Triumph motorcycle in Tiger range

Triumph Tiger Sport 800 is a middle-weight sport touring motorcycle manufactured by Triumph since 2025. Combining a compact, high-revving 798 cc inline-three with a road-focused chassis and a modern electronics package (ride-by-wire), the Tiger Sport 800 is positioned as a sporty yet practical machine intended for both aggressive back-road riding and long-distance touring. The model was introduced as a road-focused successor to the Tiger 850 Sport and emphasises on-road dynamics over off-road capability.

== Design and development ==
Triumph developed the Tiger Sport 800 from the premise of delivering a compact, mass-centralised sport-tourer that would be more oriented to tarmac performance than the more adventure-oriented Tigers. Key development goals were mass centralisation, chassis agility, consistent midrange engine performance, rider comfort during long rides, and a modern electronics set to enhance safety and versatility. The resulting machine shares some architectural elements with the Tiger Sport 660 (steel perimeter frame and compact packaging) but uses a bespoke 798 cc triple and revised geometry for sharper handling.
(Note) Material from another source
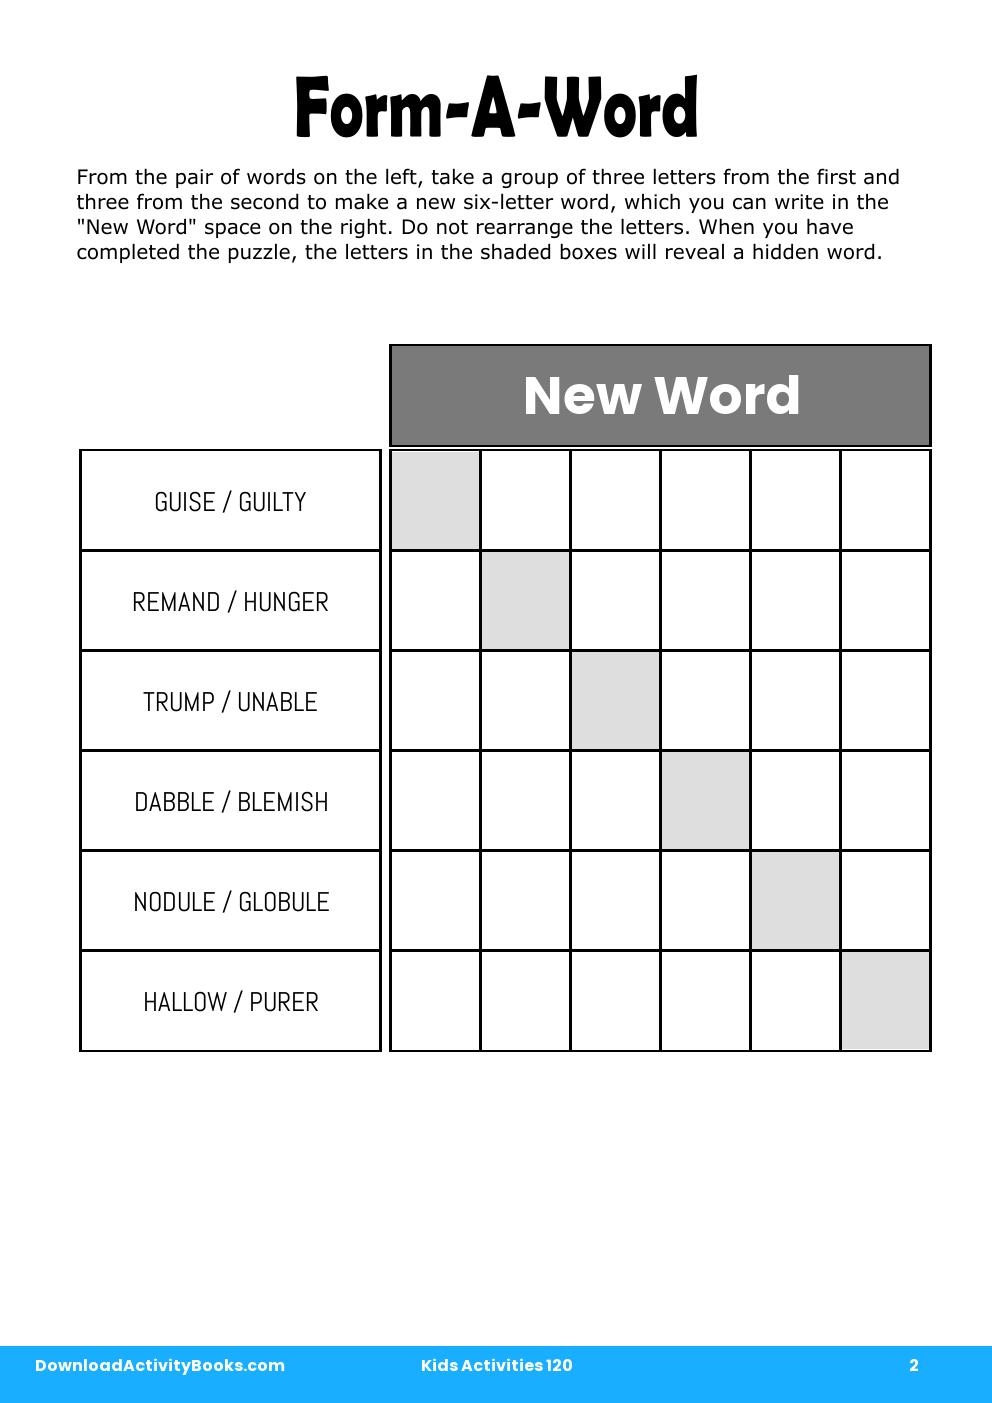 Form-A-Word in Kids Activities 120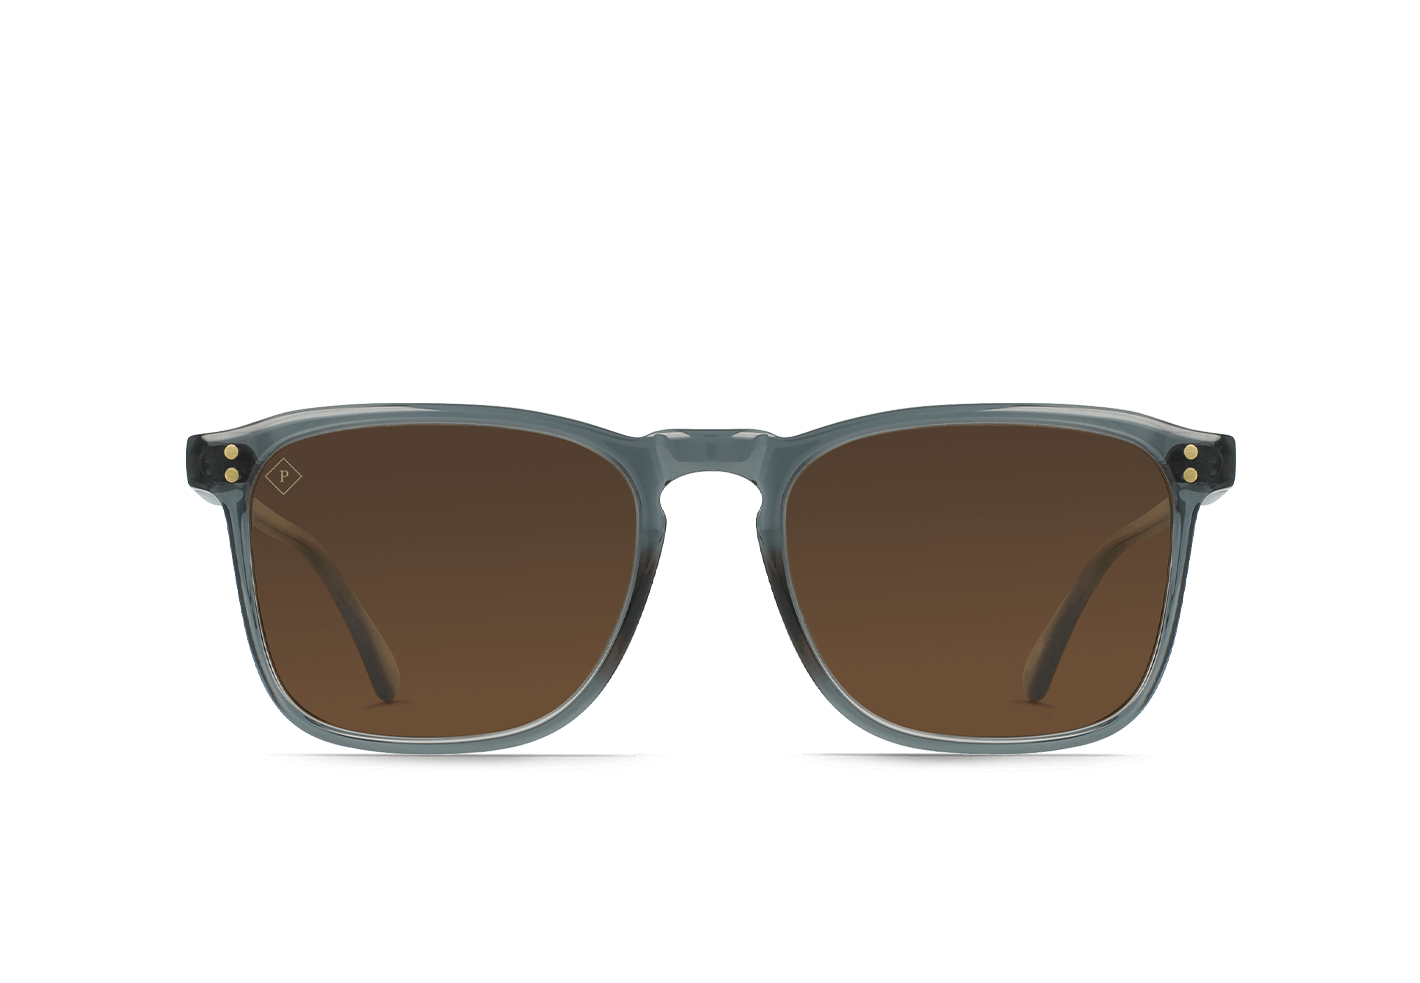 WILEY - SLATE / VIBRANT BROWN POLARIZED - Size 54

== Engine and performance ==
The Tiger Sport 800 is powered by a short-stroke, liquid-cooled inline-three (78.0 mm × 55.7 mm) with DOHC and 12 valves. Claimed output is 115 PS (113 bhp / 84.6 kW) at 10,750 rpm and 84 N·m (61.9 lb·ft) at 8,500 rpm. The engine features sequential multipoint electronic fuel injection and ride-by-wire throttle, permitting selectable ride modes and refined throttle mapping.

Reviews highlight the triple’s flexible delivery — lively midrange with a willing top end — and its characteristic three-cylinder exhaust note. First-ride tests praise the engine’s tractability for both spirited canyon work and relaxed long-distance cruising.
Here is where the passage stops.